Here, we included two examples of CEAS runs. The first example is CD4T+ cell H3K36me3 ChIP-Seq data and the second C.elegans SDC-3 ChIP-chip (Nimblegen).

Human CD4T+ cell H3K36me3 ChIP-Seq
An example command line is as follows.

$ ceas --name=H3K36me3_ceas --pf-res=20 --gn-groups=top10.txt,bottom10.txt --gn-group-names='Top 10%,Bottom 10%' -g ./hg18/refGene -b H3K36me3_MACS_pval1e-5_peaks.bed -w H3K36me3.wig

The name of this run is `H3K36me3_ceas' (after --name).

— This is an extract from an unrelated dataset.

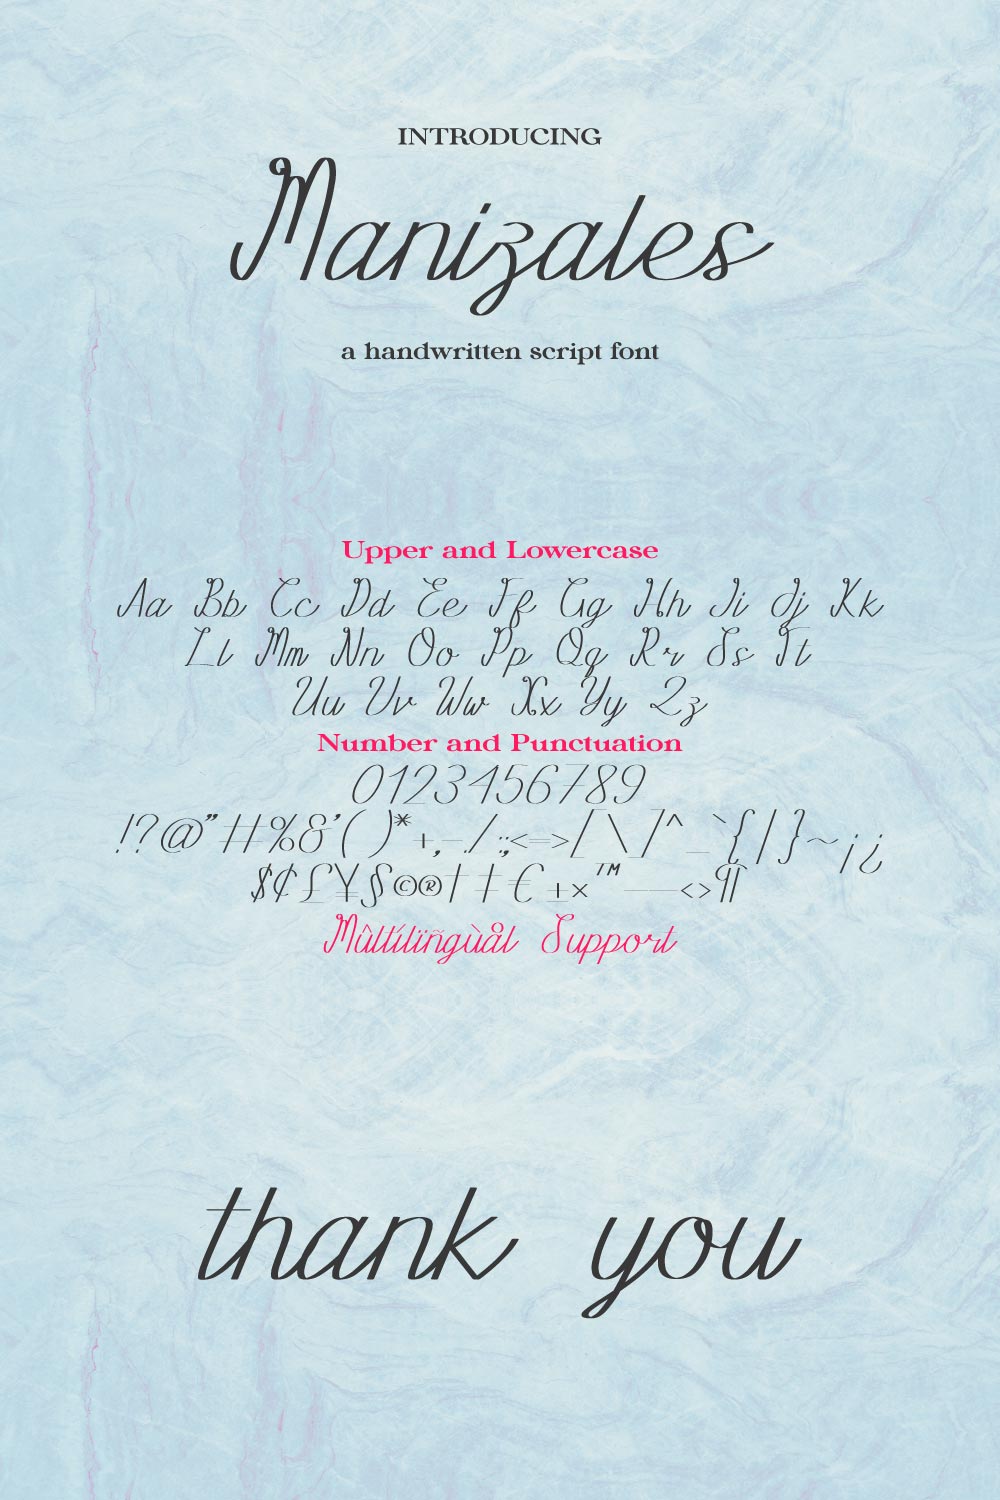 Manizales | Handwritten Script Font pinterest preview image.
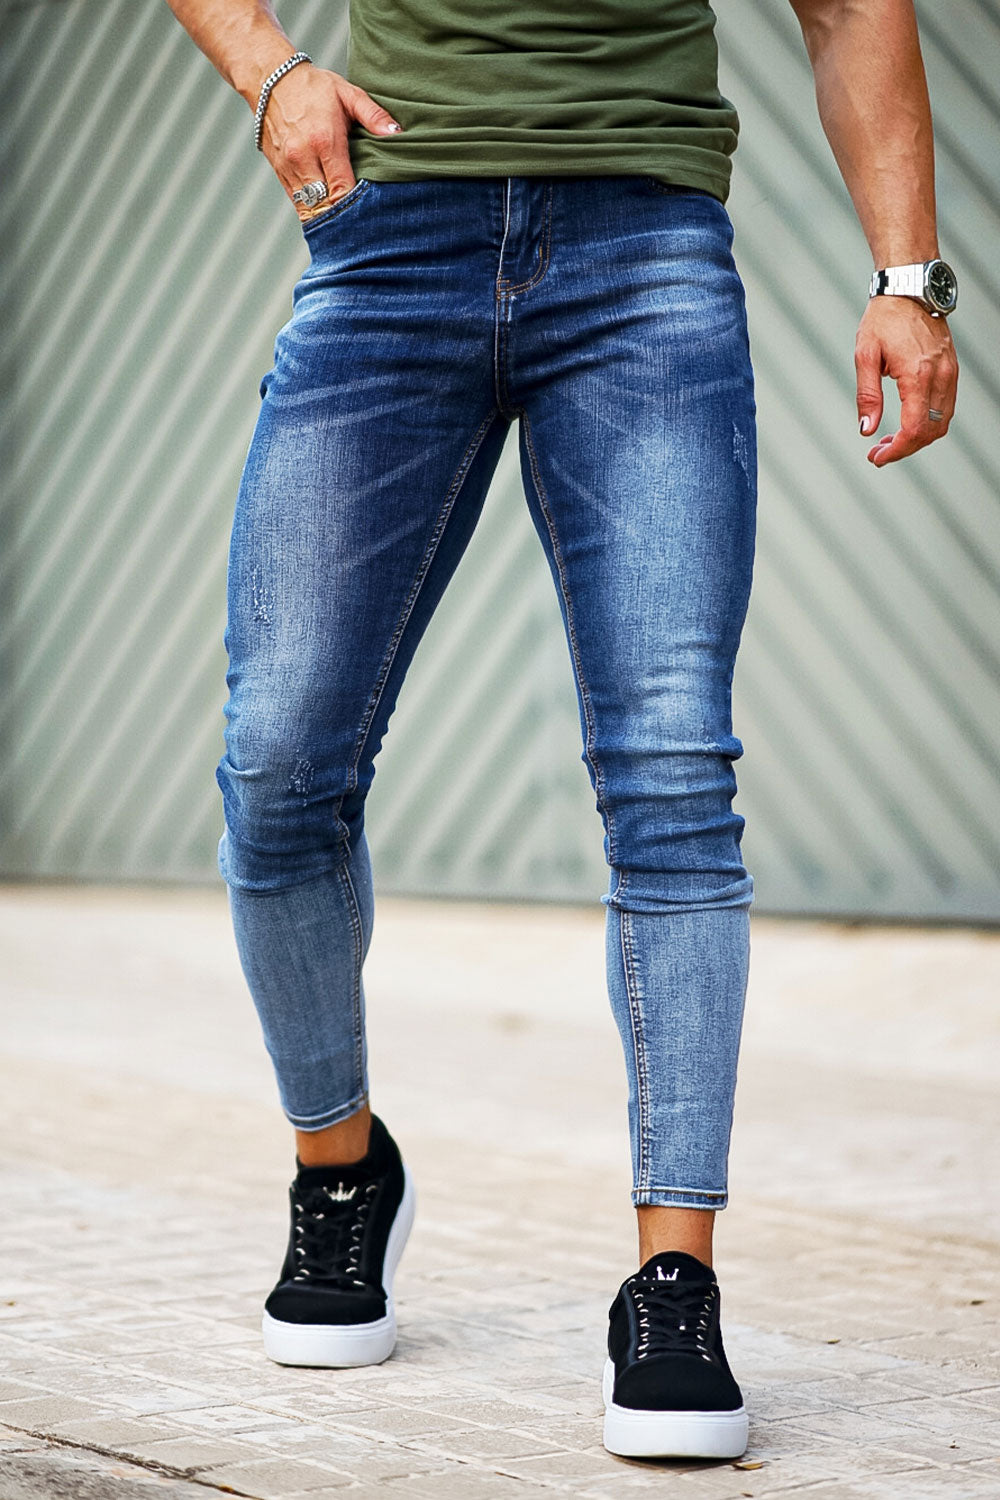 stylish skinny jeans - blue

Two files of gene groups, top10.txt and bottom10.txt after --gn-groups, contain the lists of RefSeq genes that are highly expressed (top 10%) and lowly expressed (bottom 10%) in the human CD4T+ cell, respectively. The average profiles of ChIP enrichment signal on these two gene groups, which will be referred to as Top 10% and Bottom 10% (after --gn-group-names), will appear along with the average profile over all genes in the average profile plots. In this example, it is assumed that the local sqlite3 db file of hg18 RefSeq table (after -g) is ./hg18/refGene. The option, --bg, forces CEAS to re-run genome background annotation using H3K36me3.wig. However, in this special case, using the local db file is more recommendable because H3K36me3 is believed to be transcription elongation mark (gene body mark) and the WIG file may contain only gene bodies.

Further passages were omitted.